Abdulkarim Yasin Karim scite author profile

Proteases of Tannerella forsythia, a pathogen associated with periodontal disease, are implicated as virulence factors. Here, we characterized a matrix metalloprotease (MMP)-like enzyme of T. forsythia referred to as karilysin. Full length (without a signal peptide) recombinant karilysin (49.9 kDa) processed itself into the mature 18 kDa enzyme through a sequential autoproteolytic cleavages both at N-and C-terminal profragments. The first cleavage at the Asn14-Tyr15 peptide bond generated the fully active enzyme (47.9 kDa) and subsequent truncations at the C-termini did not affect proteolytic activity.
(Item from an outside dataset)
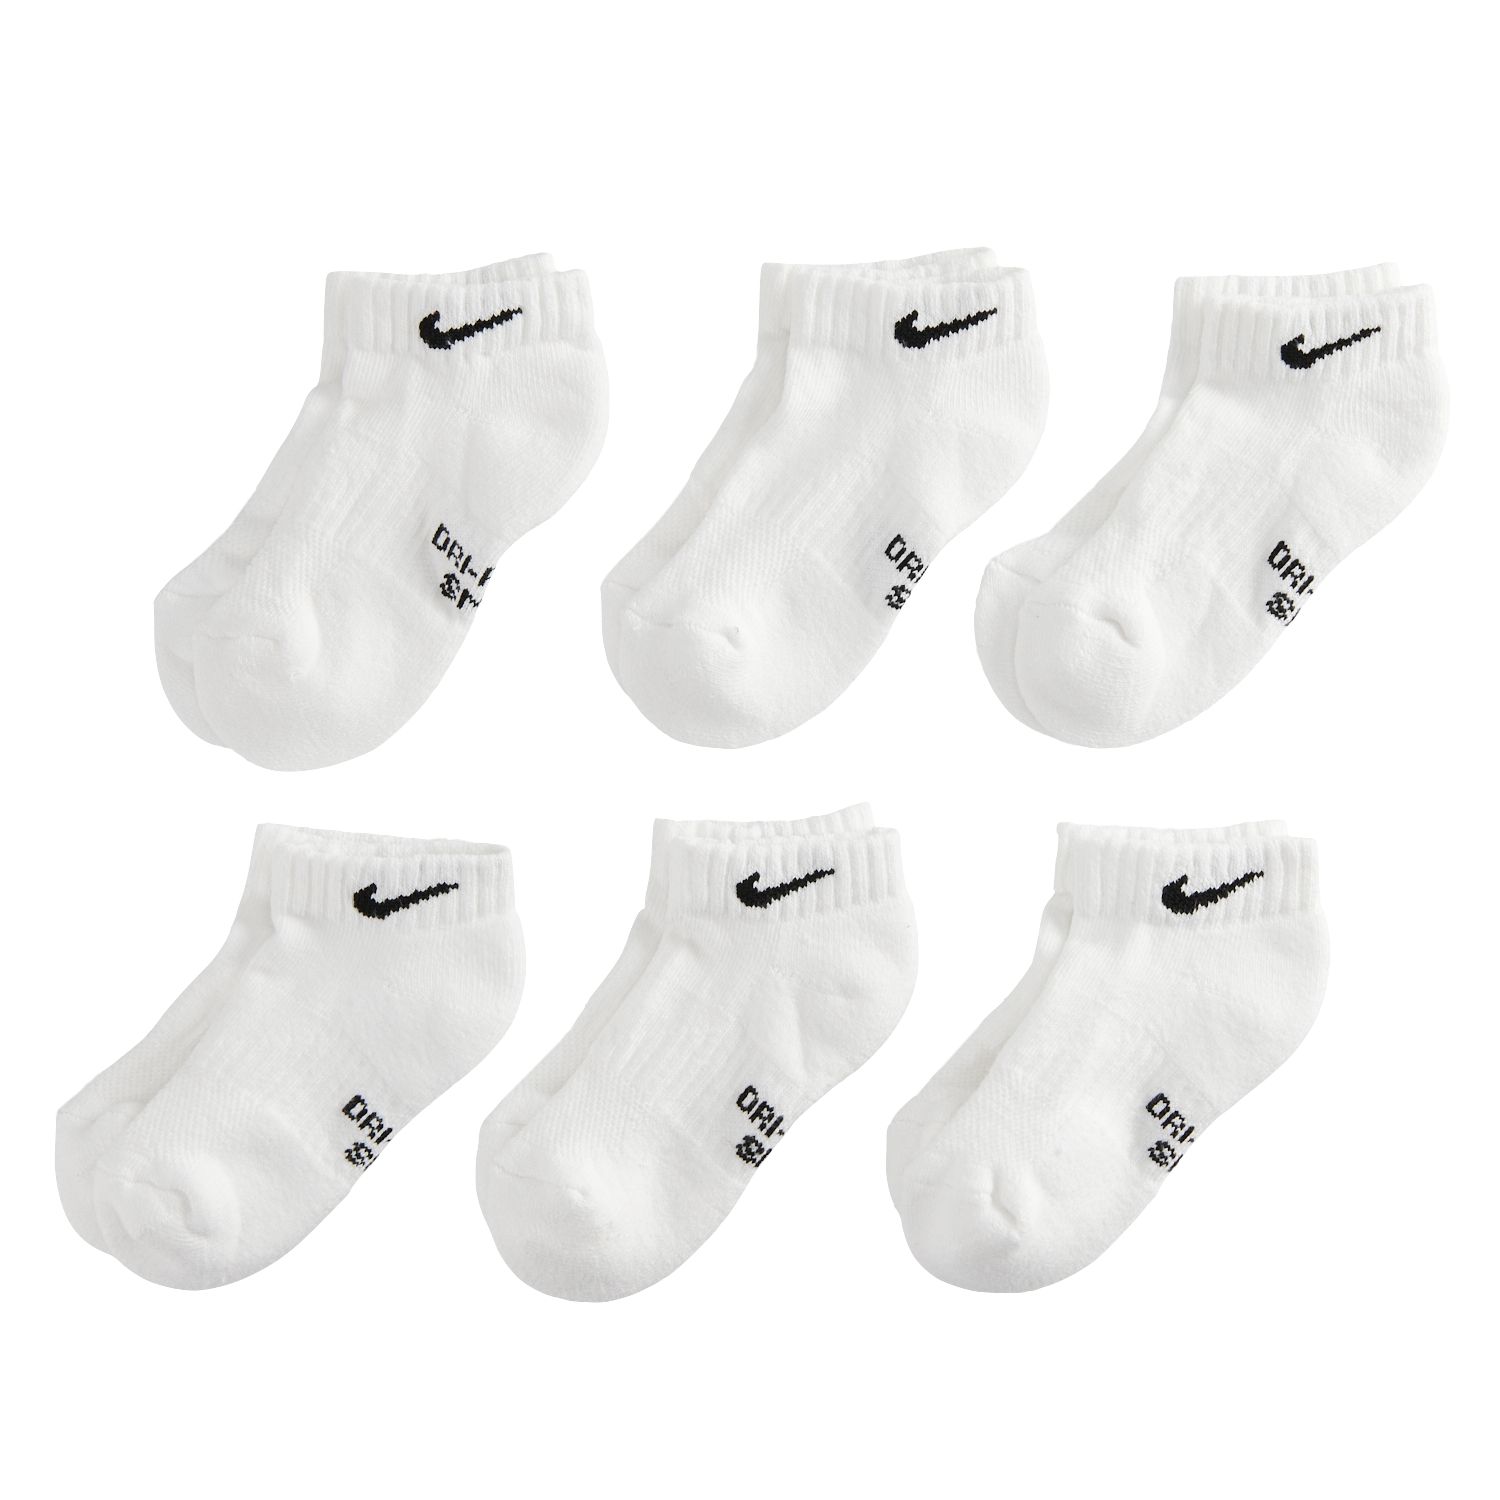 what size are small nike socks

Mutation of Tyr15 to Ala generated a prokarilysin variant that processed itself into the final 18 kDa form with greatly reduced kinetics. Inactive prokarilysin with the mutated catalytic Glu residue (E136A) was processed by active karilysin at the same sites as the active enzymes. The karilysin proteolytic activity and autoprocessing were inhibited by 1,10-phenanthroline and EDTA. Calcium ions were found to be important for both activity and thermal stability of karilysin. Using the CLiPS technology, specificity of karilysin was found to be similar to that of MMPs with preference for Leu/Tyr/Met at P1′ and Pro/Ala at P3. This specificity and the ability to degrade elastin, fibrinogen and fibronectin may contribute to the pathogenicity of periodontitis.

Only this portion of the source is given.